Mechanistic model of oxytocin/vasopressin-stimulated GPCR.
Nicolas Azzopardi1, Caroline Gora1, Lucile Drobecq1, Romain Yvinec1,2, Lucie Pellissier1.
(1) INRAE UMR85, CNRS UMR7247, University of Tours, Tours, France. (2) Musca Inria, Inrae Paris-Saclay, Palaiseau, France.
Objectives: Around 30% of commercialised drugs interacts at cell membrane with a G protein-coupled receptor (GPCR). Oxytocin (OT) and vasopressin (AVP) are hypothalamic peptides that bind to four GPCR: oxytocin receptor OTR and vasopressin receptors V1A, V1B and V2. These binding lead to different interactions with downstream signalling transducers. Known for their prosocial effect, these pathways are an active area of research in autism spectrum disorders. Understanding downstream intracellular signal transduction dynamics is mandatory to ensure drugs safety and efficacy.
Bioluminescence resonance energy transfer (BRET) assays the proximity of a bioluminescent donor and a fluorescent acceptor. Coupling donor and acceptor with two proteins of interest gives a unique insight in these protein-protein interactions in real time. Thus, it is a pertinent tool for quantitative monitoring of these actors and their dynamics in signal transduction. Data extracted from BRET are mainly analysed as the area under curve (AUC) of signal intensity ratio of the acceptor's fluorescence and the donor's bioluminescence. However, this approach presents some loss of information e.g., the inter-assay intensity variability, the signals time-dependent relationship modulation or the influence of the limits of quantification of the signals.
Therefore, this work investigates the pertinence of a novel approach of the BRET data analyses based on mechanistic population compartmental modelling and proposes new quantifications of the interaction of oxytocin or vasopressin-stimulated GPCR with downstream G proteins and β-arrestins.

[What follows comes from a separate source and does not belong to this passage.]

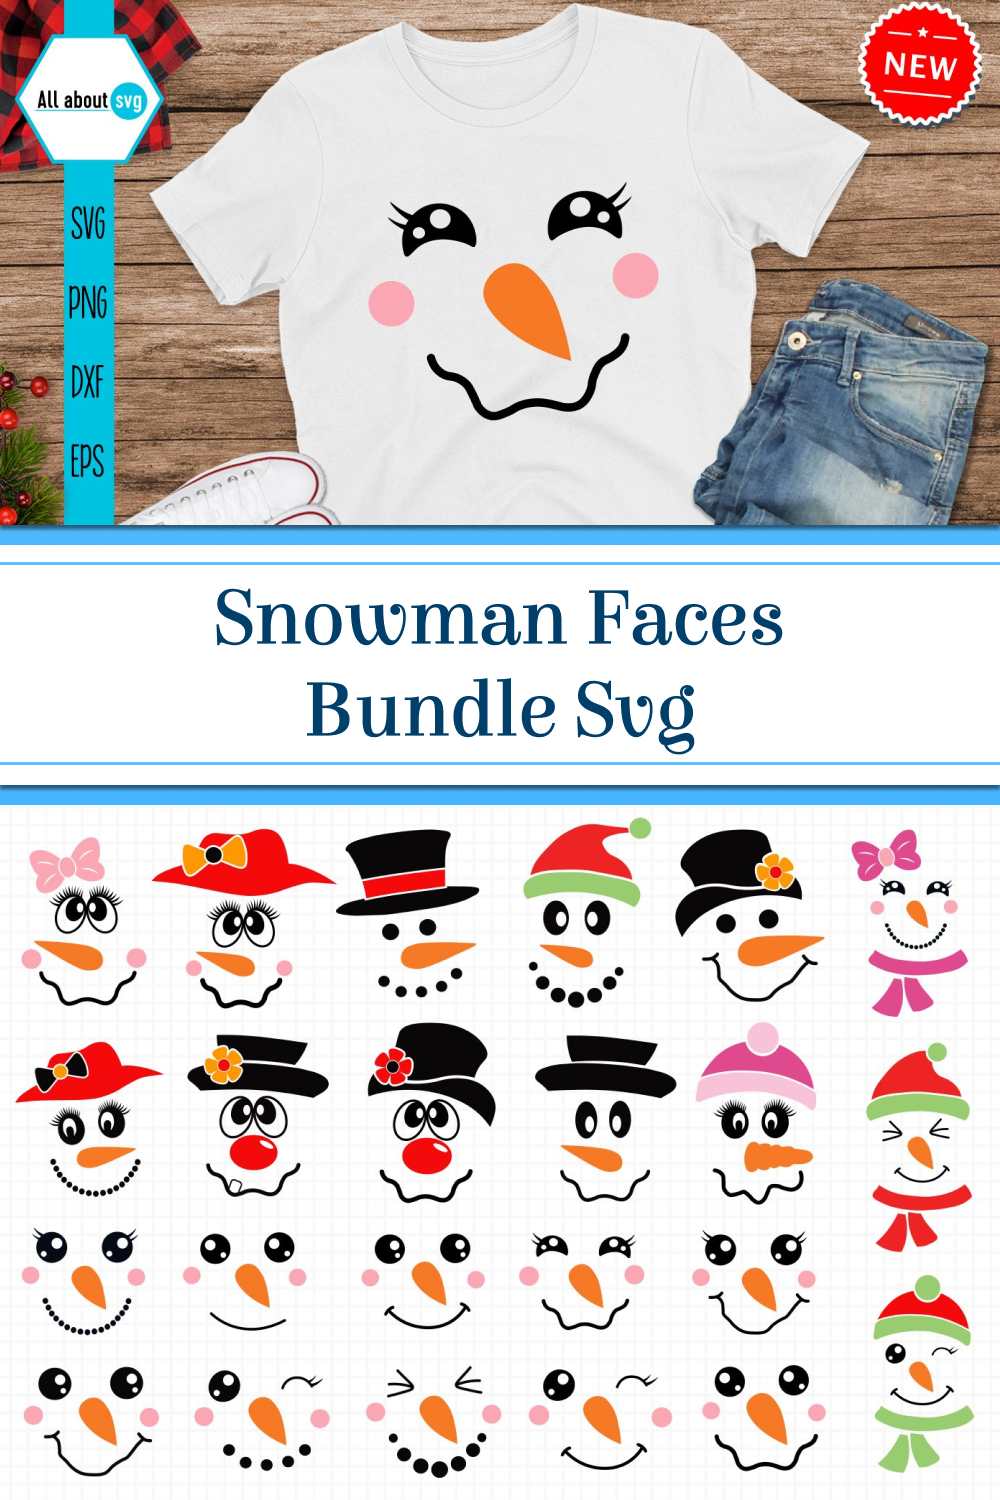 Snowman faces bundle svg of pinterest.
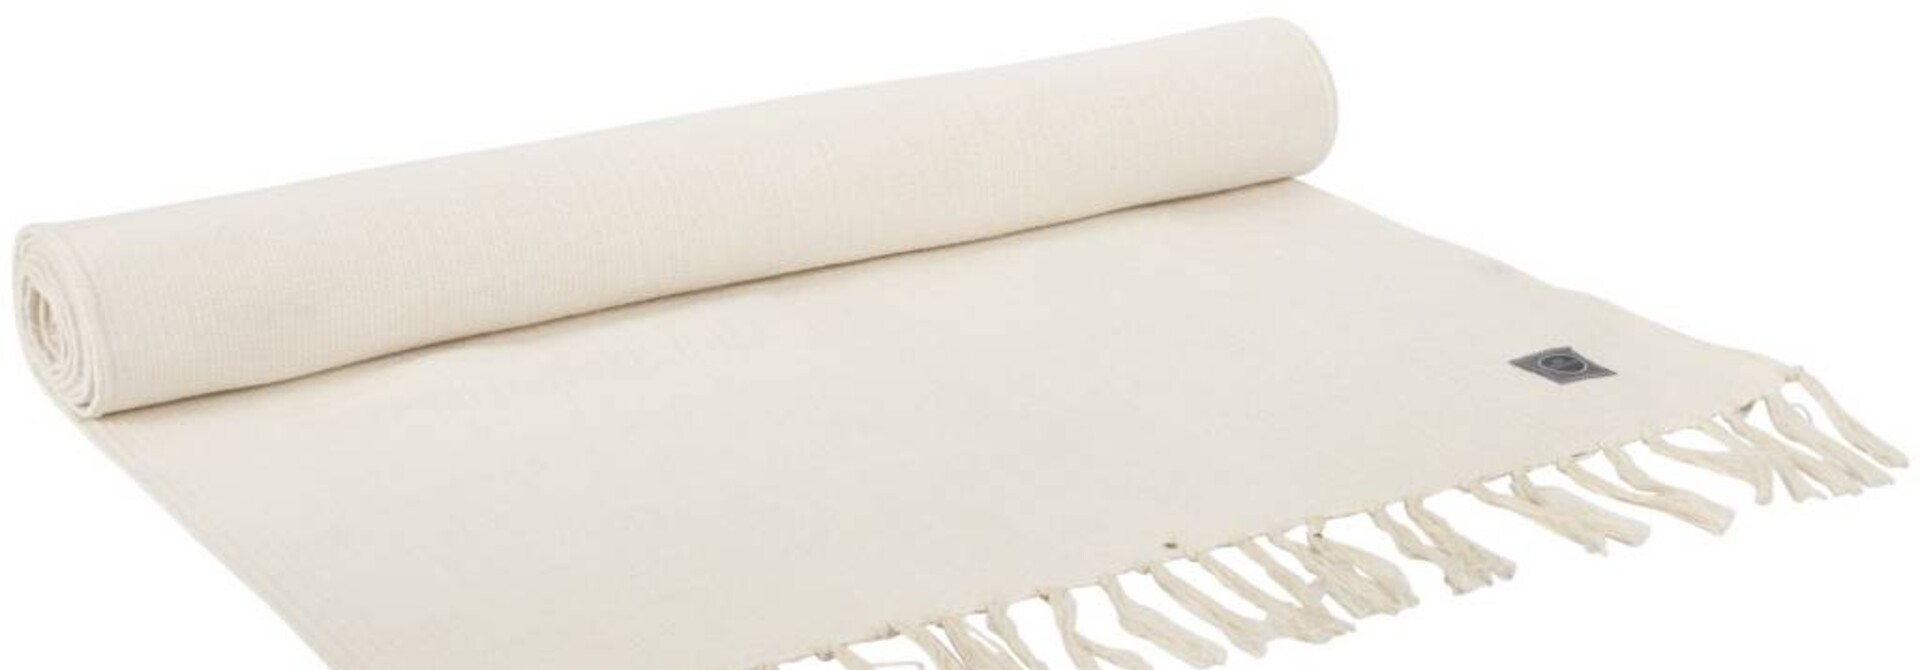 Yogamatte Teppich Baumwolle 200cm 65cm 2mm - Natürlich

Methods: A total of 480 BRET assays were performed to quantify the interaction of murine OTR, V1A V1B, and V2 or human receptors tagged with the Renilla luciferase (Rluc8) with downstream β-arrestin 1, β-arrestin 2, Gs, Gi or Gq tagged with enhanced yellow fluorescent protein (Venus), after stimulation with OT or AVP. OT and AVP doses were ranging from 0 to 10⁻4 M. Upon substrate coelenterazine addition Rluc8 emits a 480nm signal (S1). If Venus is present within a 100Å area, it is excited and emits a 530nm signal (S2). The intensities of S1 and S2 are monitored and used for analysis. BRET assays were performed in murine neuroblastoma cell (mNeuro2a).
The structure of the compartmental model is identical for all the assays. The delay of the coelenterazine to reach Rluc8 is described with a five transit-compartments model with estimated mean absorption time MAT. The degradation of the substrate by Rluc8 is quantified by the estimated first order rate kdeg. This elimination is directly equal to the emission fluorescence signal S1 and proportional with the bioluminescence signal S2 with a factor ρ. To work around the high inter-assay variability in signal intensity, total S1 dose is set to 1. A scale correction is assured by the estimation of a global gain G defined as OBS_S1=S1·10^(G/10) and OBS_S2=S2·10^(G/10). Parameters were estimated using non-linear mixed effect model (Monolixsuite 2023R1, lixoft, Antony, Frannce).
Results: BRET data were correctly described. All the parameters values and their variabilities can be estimates with r.s.e. < 10%. MAT was estimated for all assays to 4.66 minutes. Substrate consumption rate kdeg was 0.038 min-1 (r.s.e = 1%) with ωkdeg = 0.1. The global gain G was estimated as a normal distribution with high variability ωG = 2.2 (r.s.e. = 3.4%) and with mean 77.8 dB for V1A, 75 dB for V1B and 71.2 dB for V2. The signal proportionality ρ was estimated to 0.77 and was positively influenced by ligand dose β_dose = 2043 (r.s.e = 8,3 %). No significative correlation between estimated parameters were observed.
Conclusions: This modelling approach gives robust description of BRET data. Estimation of a global gain informs about cell state and level of receptor expression variabilities. Mixed effect modelling allows to quantify the potential influences of the different conditions assays on signals.
Despite OT and AVP share similar molecular characteristics they display important differences in signalling transduction at the four receptors. The same modelling approach can be used for flowing downstream protein-protein interactions of the signal transduction cascade.